Saif told a crowd at the American University in Cairo that “now it is very difficult to get a visa,” comforting them that “soon, very, very soon, it will be very easy for many people around the world to visit Libya. He even suggested that tourism in Libya should attract millions of tourists. Over the past six years, Saif al-Islam even appointed foreign consultants, famously the Harvard Business School professor Michael Porter, to prepare reform plans, investment incentive plans and business promotion plans to help shift the economy from the mish-mash of ‘Islamic’ socialism that characterizes the current situation (although even this is too specific - the reality is even more disorganized). The conservative opposition represented by the Revolutionary Committees has resisted the shift toward a market economy. Indeed, it can be said that Libya still lacks any actual economic policy. Qadhafi wanted to turn every Libyan into a capitalist two years ago, promising to do away with the welfare state, eliminating government corruption such that more Libyans might enjoy the country’s oil wealth. Unsurprisingly, none of this has happened.

Pragmatism and Its Challenges
Libya had announced that foreign banks could compete for two licenses in March, (just as it enforced a travel ban on citizens of countries from the EU). Saif ul Islam needed to be re-launched into the public sphere to reassure investors, as six banks including HSBC Holding PLC, Standard Chartered PLC and Mediobanca were short-listed for the competition, the winners of which would be announced in July. Moreover, western construction and engineering firms are very interested in help Libya spend its oil money on large-scale projects, and many of these are being planned. However, much hyped business-friendly reforms have never come to fruition and Libya remains fraught with diplomatic and bureaucratic risks. This has also meant that only large companies have shown an interest in cracking the Libyan market, for only they can absorb the risks that doing business there still entails. Nevertheless, the Saif ul-Islam camp appears to have re-emerged in May, which is an encouraging sign for economic reforms.
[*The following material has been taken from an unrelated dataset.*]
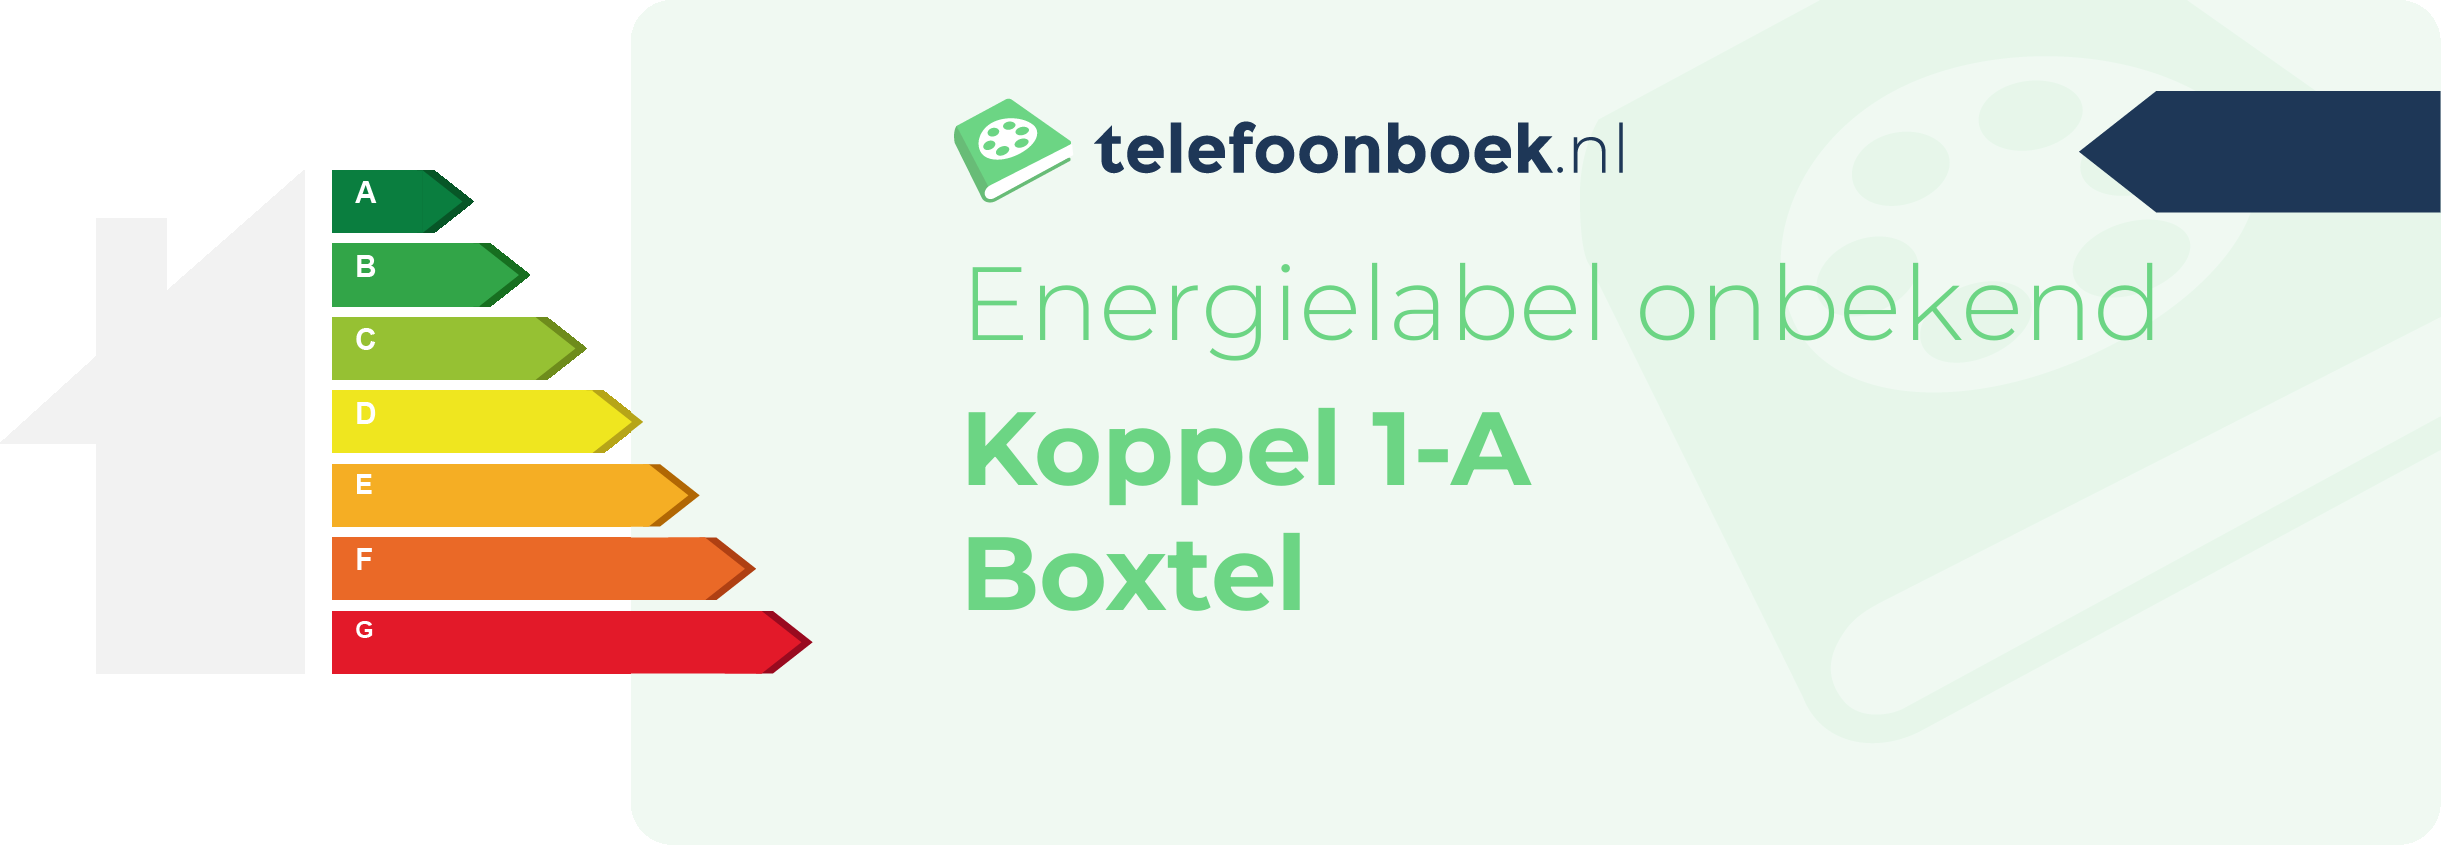 Energielabel Koppel 1-A Boxtel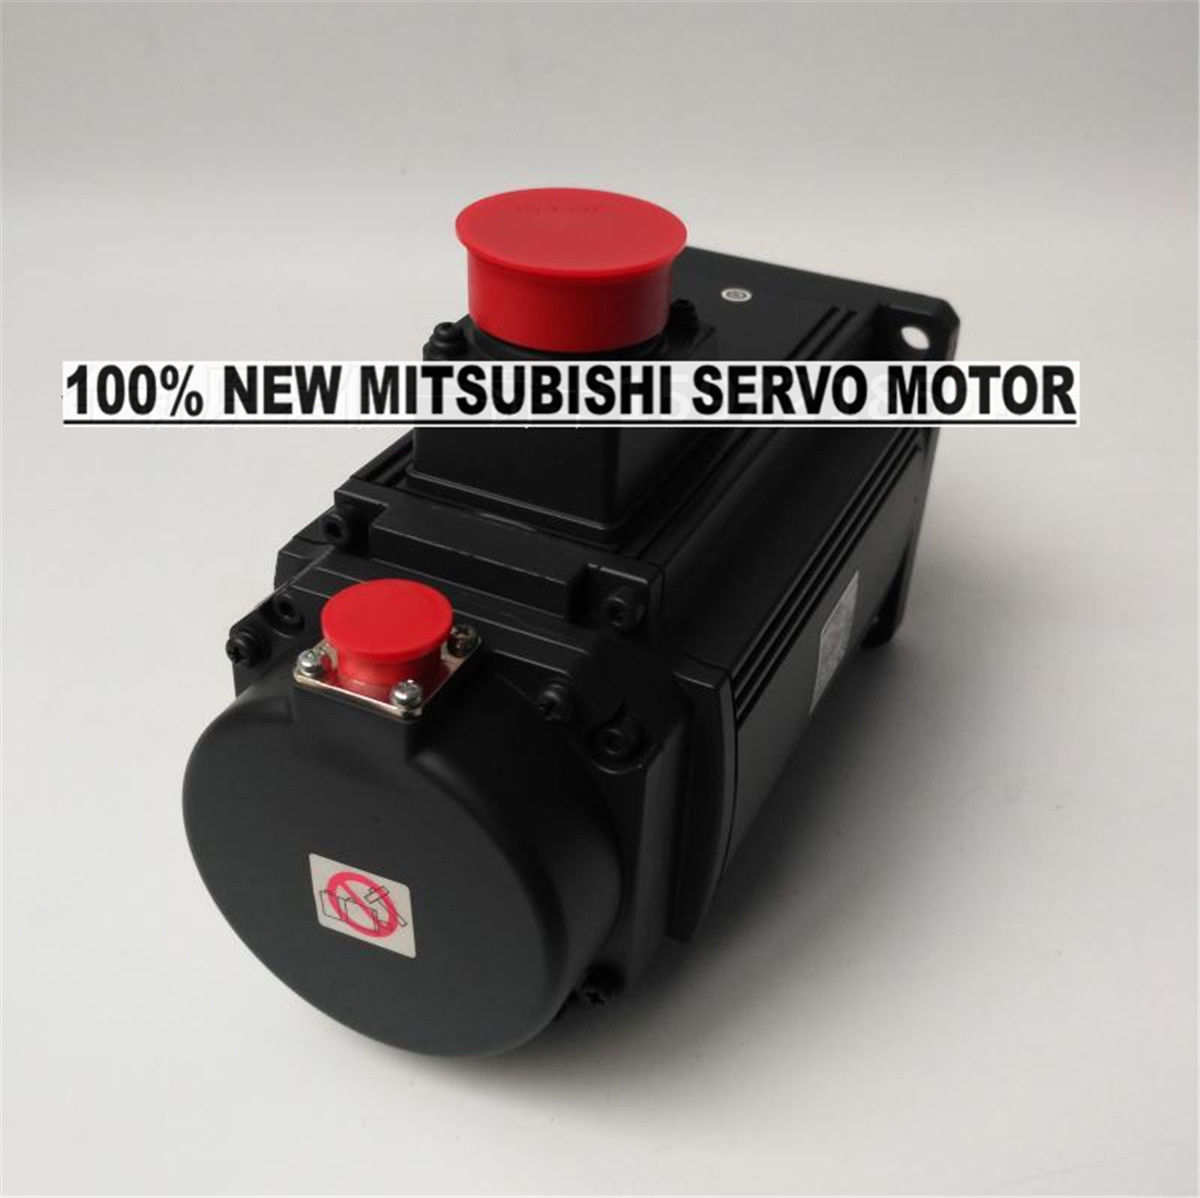 GENUINE NEW Mitsubishi Servo Motor HG-RR203 in box HGRR203 - Click Image to Close

This is good news even in the oil and gas sector, where the mixture of less market friendly policies and added political risk (as characterized by the Libyan-Swiss dispute) has disappointed the multinational energy firms, which bid to drill in Libya since the sanctions were lifted in 2004. Libya still offers many exploration opportunities, but its recent unpredictability has scared off many companies from approaching. Libya is also said to be drafting a new law governing the energy sector, a law that could change the rules for foreign oil companies and not necessarily for the best. The current head of the National Oil Company (NOC), Shukry Ghanem, who is close to Saif ul-Islam has been drafting a new law to improve transparency and stimulate more investment by offering oil companies better terms. However, the Supreme Council for Energy Affairs, a supervisory body, has been stuffed with conservative (in Libya, paradoxically, these are the more ‘revolutionary’ types) elements, who are trying to block Ghanem, preferring to enforce a more nationalistic approach that diminishes investment incentives. Yet, the Libyan leadership needs oil for social reasons also, and ultimately, the pragmatists may themselves have room to challenge conservatives.

The high oil prices have allowed the state to continue to extend welfare benefits, subsidies on the prices of essential goods, which helps reduce the risk of unrest and admittedly lowers political risk for the leadership and for large foreign investors. Finally, what Libya truly needs is predictability, the kind of certainty and transparency that come from the rule of law, this the ultimate vision proposed by Saif ul-Islam, who has advocated the need for Libya to draft a Constitution. By the sentiments expressed, it could have been the average Libyan who would say the following: “We want predictability in Libya….Now nobody knows what’s going to happen in Libya, who’s going to succeed whom, who’s in charge, who’s not”. Yet, this was the son of the Libyan leader speaking.